Announcement

Collapse
No announcement yet.
X
  • Filter
  • Time
  • Show
Clear All
new posts

  • Margins expression

    For a panel fe regression where the IV and DV have both been log-transformed, I would like to know how I can use the margins command to identify the marginal effect of the original (non-log transformed) IV on the original (non-log transformed) DV. To give a very simple example, lets take the IV and DV to be x and y. The regression function is:

    xtreg ln_y ln_x, fe

    margins, ln_x will give the marginal impact of ln_x on ln_y. However, I would like to find the marginal impact of x on y. Is there anyway to use the "expression" option with margins to obtain this? Thank you.

  • #2
    No, this can't be done.

    First, there is a conceptual issue. If the relationship between ln_y and ln_x is linear, so that the -xtreg- model is correctly specified, then the relationship between Y and X is necessarily non-linear. This implies that there is no such thing as the marginal effect of x on y. Rather there will be infinitely many such marginal effects, and they will depend on your starting values of x and y.

    That said, if you have specific values of x and y in mind as starting values, you can dust off your memories of calculus and use the chain rule. You are looking to calculate dy/dx. Let's use the notation u = ln(x) and v = ln(y). What you have is dv/du. Well, the chain rule tells us that
    Code:
    dydx = dy/dv dv/du du/dx
    Now, dv/du you can get directly from your -xtreg- output. (Well, maybe: if you are referring to the same modeling you had in an earlier thread where your ln_x was actually entered quadratically in the model, then you have to first get dv/du from the -margins- command at the values of u that correspond to the values of x you are interested in.)

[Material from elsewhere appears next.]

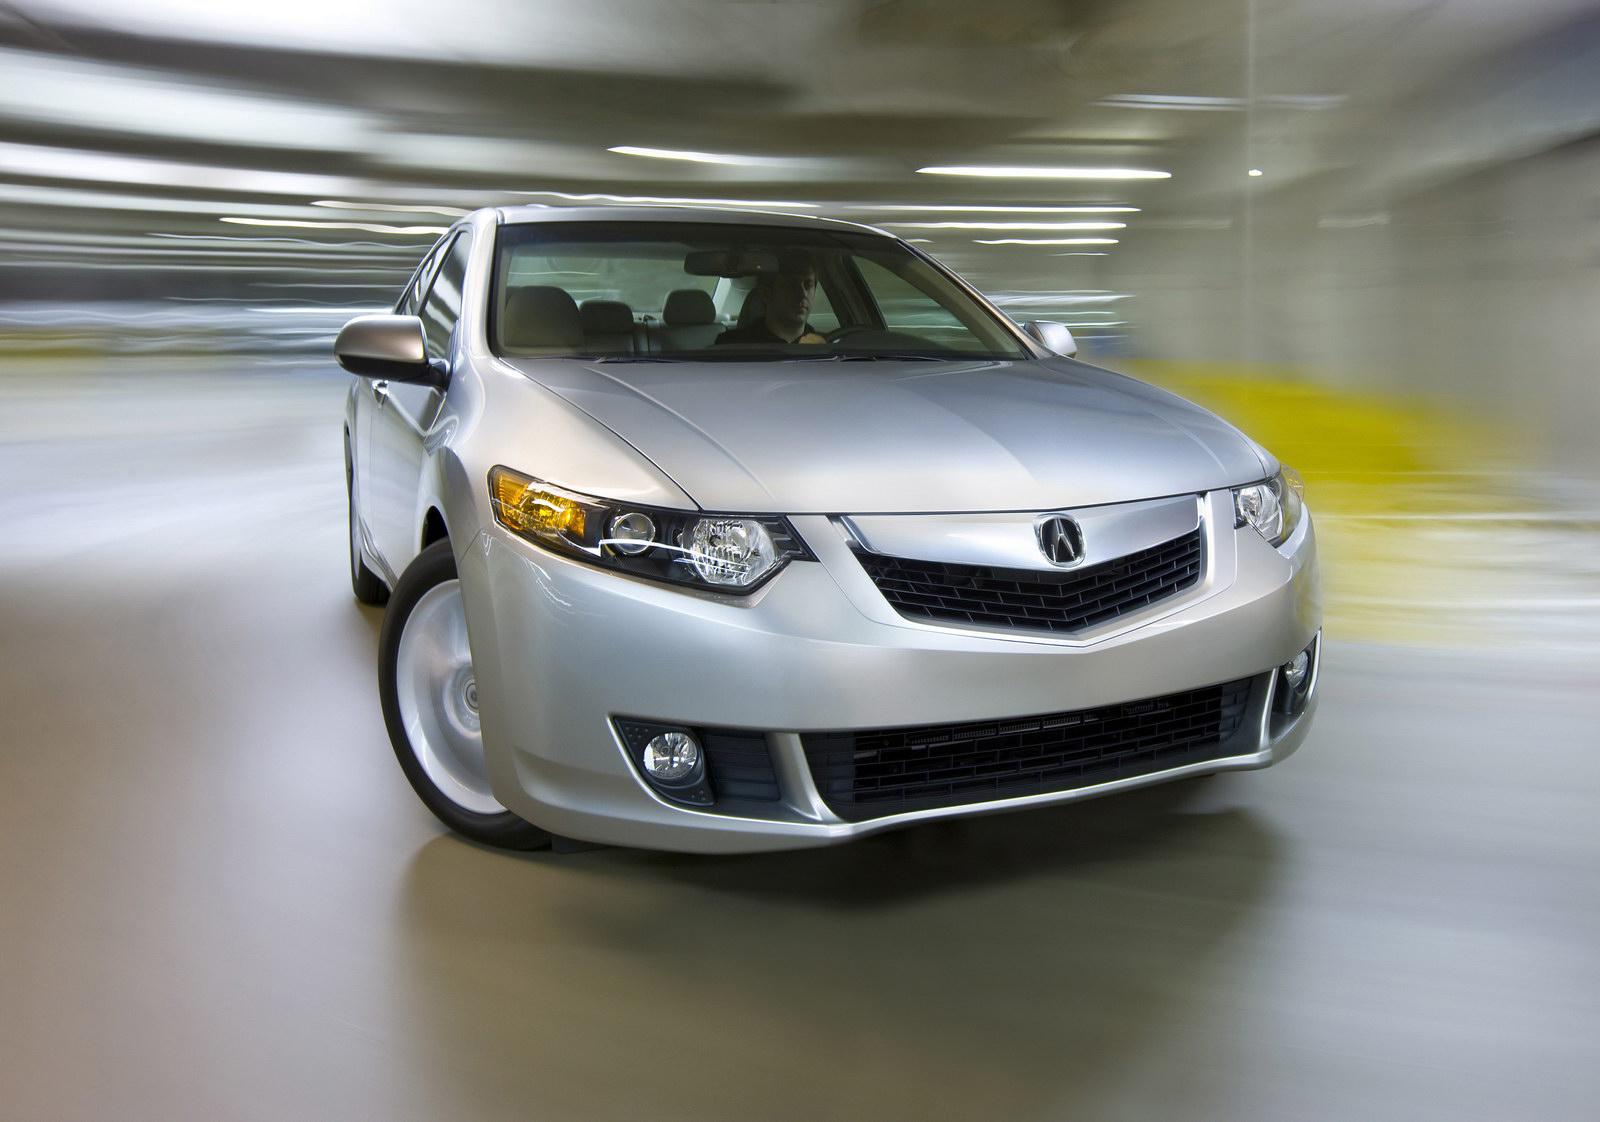 Acura TSX получает Топ Рейтинг безопасности в NHTSA и IIHS краш-тестов - фотография №3

    Now, what about dy/dv, and du/dx. Well u = ln(x), so du/dx = 1/x. And v = ln(y), so y = exp(v), so dy/dv = exp(v) = y. Putting this all together:
    Code:
    dydx = y * dv/du * 1/x = (y/x)*dv/du
    So, given a series of interesting values of x, you have to first get the corresponding values of ln(x). Then you can run -margins, dydx(ln_x) at(ln_x = (whatever))- This will give you the values of dv/du that correspond to those values of ln_x. (I'm assuming here we're dealing with the model containing a quadratic term in ln_x. If ln_x appears only linearly in your -xtreg- command then you can just use the coefficient of ln_x from the -xtreg- output.) Next, you have to get the values of y that correspond to x. So for that you would run -margins, expression(exp(predict (xb))) at(ln_x = (the same whatever as before)- to get the corresponding values of y. Then calculate (y/x)*dv/du for each of those and you have your marginal effects.

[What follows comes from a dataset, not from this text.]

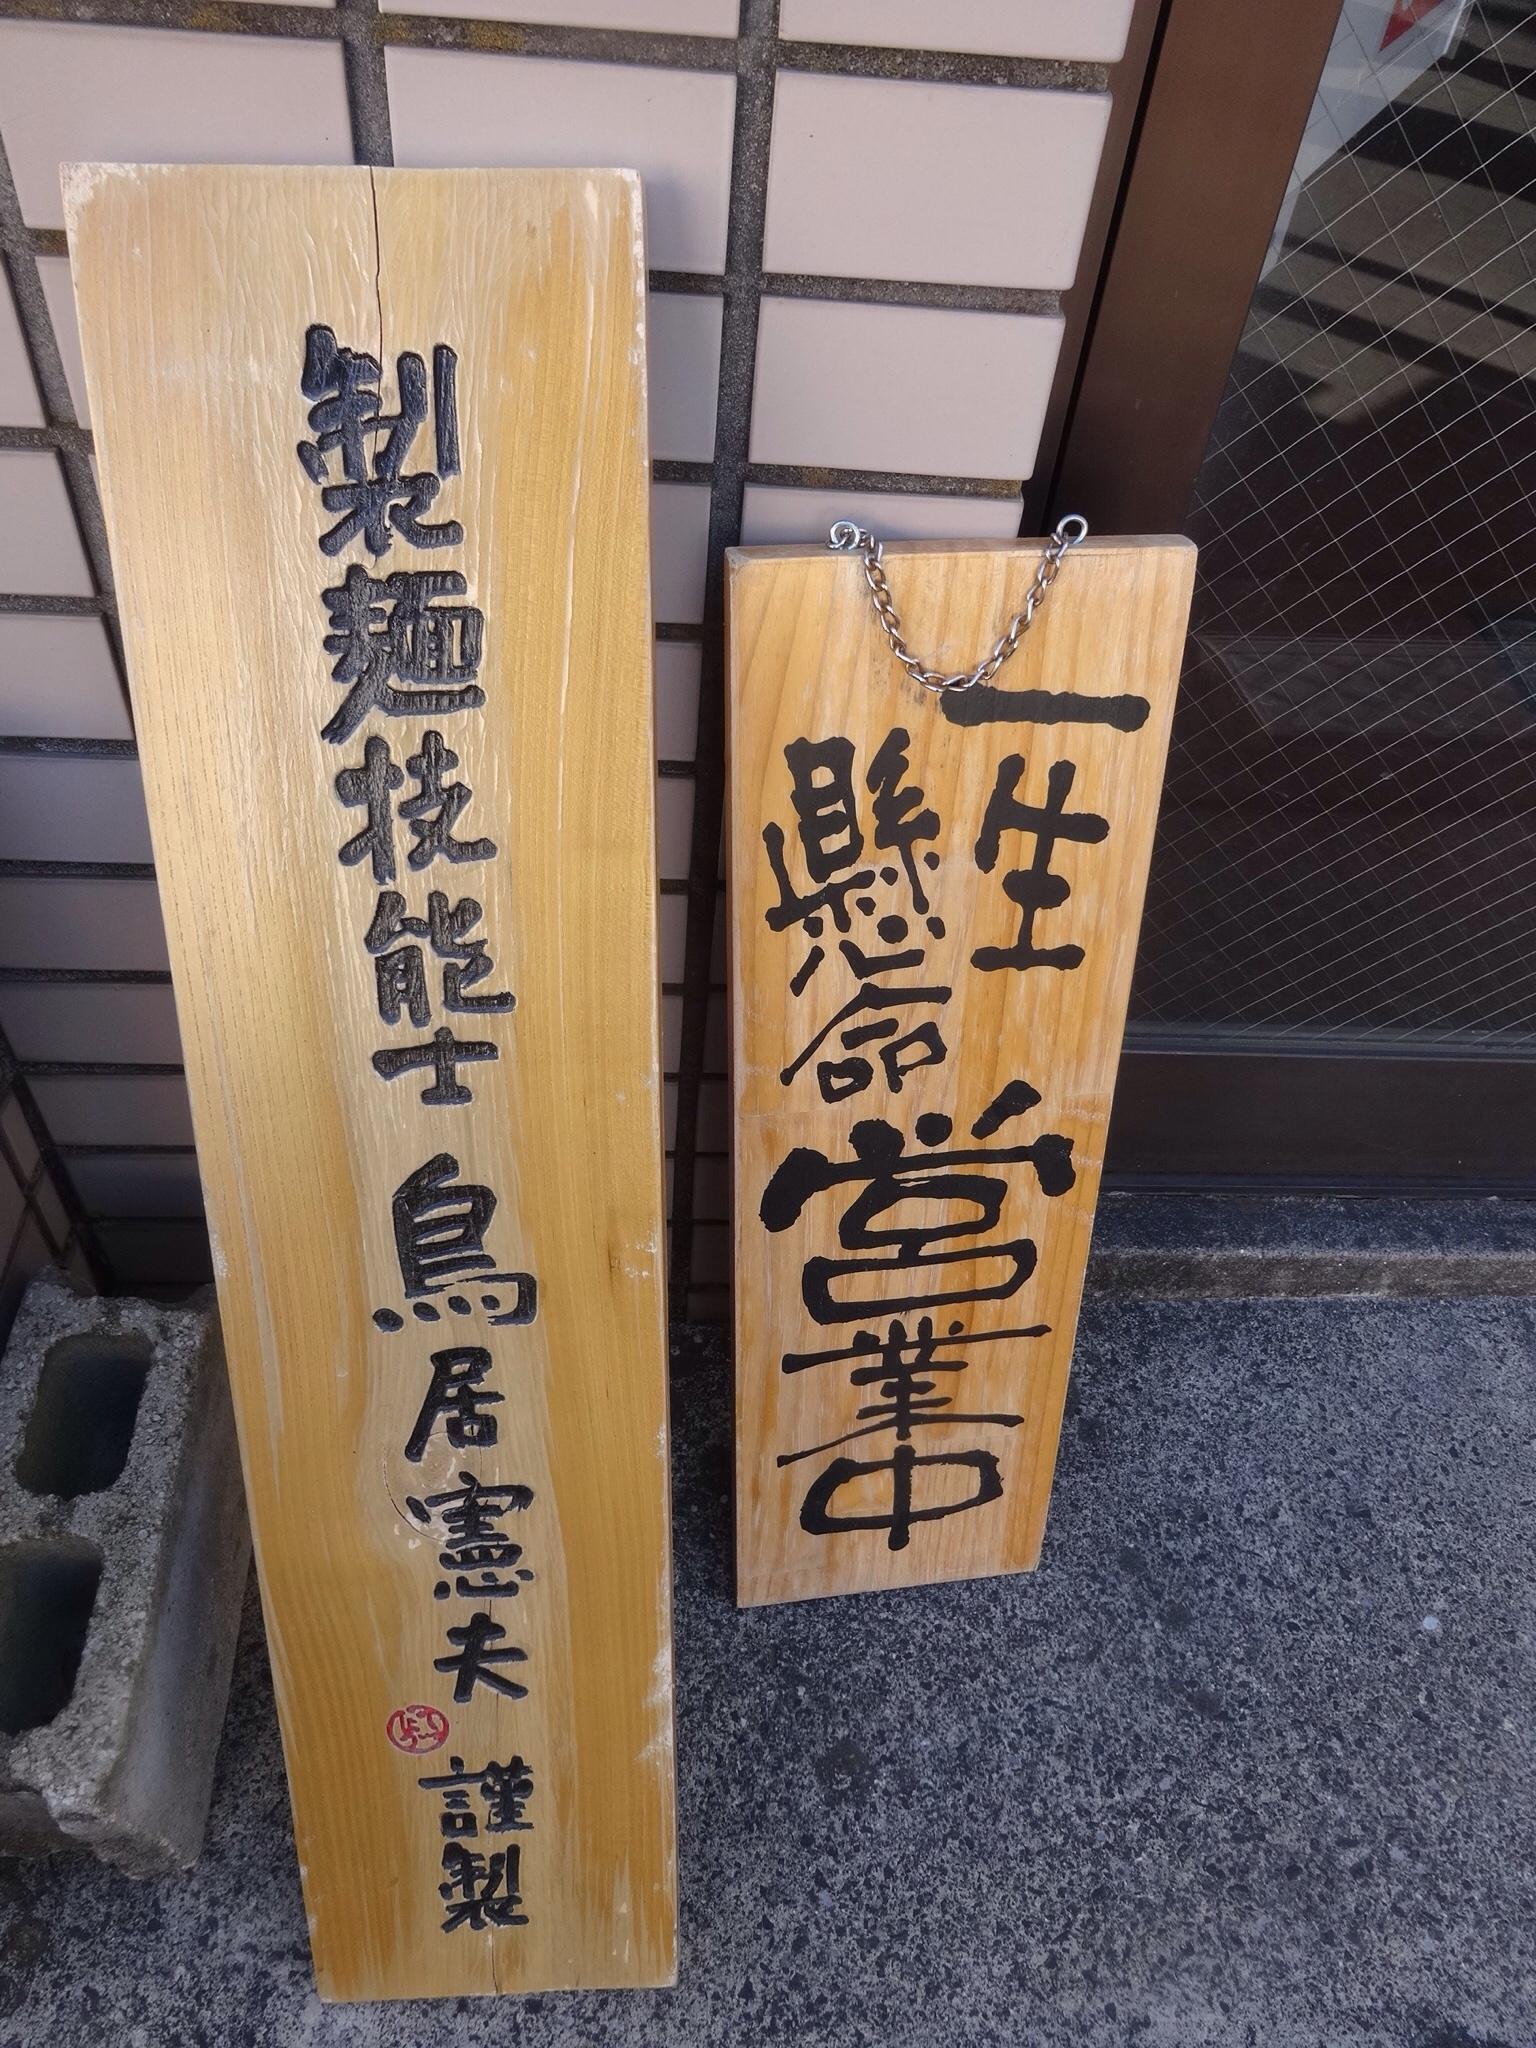 製麺技能士鳥居憲夫謹製 店舗用看板@東京都中野区新井3−6−7麺の停車場楽麦舎

    It's a bit of a coding exercise as you will need to loop over those values of x you choose. And there is the issue of quantifying uncertainty around these, which I don't actually know how to do. The problem is that in addition to the dv/du values having uncertainty, so does the value of y, and I don't know how you can combine these to come up with a correct estimate of the uncertainty in the final result.

    Comment


    • #3
      By the way, going the other way is quite easy. If you have a relationship -xtreg y x- and you want the marginal effect of ln(x) on ln(y), a.k.a. the elasticity, that is built into -margins-:
      Code:
      margins, eyex(x)
      Again, in principle, this should be done -at()- particular values of x, the above command giving an "average" elasticity. But it's just very easy to do.

      Comment


      • #4
        Thank you Clyde. Your response (#2) is very helpful.

        The question in this post did in fact pertain to the model that I had in the earlier thread (and, yes, it did have a quadratic term for lnx.) Based on your suggestion above (#2), I was able to work out the dydx's for a few sample values of x - the calculus chain rule explanation was very clear (thanks!) The marginal effects (ie dydx's) are not trivial which is interesting for my analysis.

        I am however thinking about your comment below
        Code:
        And there is the issue of quantifying uncertainty around these, which I don't actually know how to do. The problem is that in addition to the dv/du values having uncertainty, so does the value of y, and I don't know how you can combine these to come up with a correct estimate of the uncertainty in the final result.
        By "uncertainty" do you mean the impact of the error terms in the original regression function (i.e. xtreg ln_y ln_x, fe) and the error terms related to dv/du?

        If my understanding is correct, I presume this "uncertainty" would occur whenever there is a log-log transformation of the IV and DV (i.e. it is not unique to my model.) That leads me to wonder whether such transformations which are done to correct for data skewness in fact add a new level of complexity to the conclusions. (This is just an observation from my side.)

        Comment


        • #5
          By "uncertainty" do you mean the impact of the error terms in the original regression function (i.e. xtreg ln_y ln_x, fe) and the error terms related to dv/du?
          I was referring specifically to the fact that regression and margins outputs come with standard errors (from which one calculates confidence intervals and test statistics) and these quantify the range of variation that might be seen with repeated sampling.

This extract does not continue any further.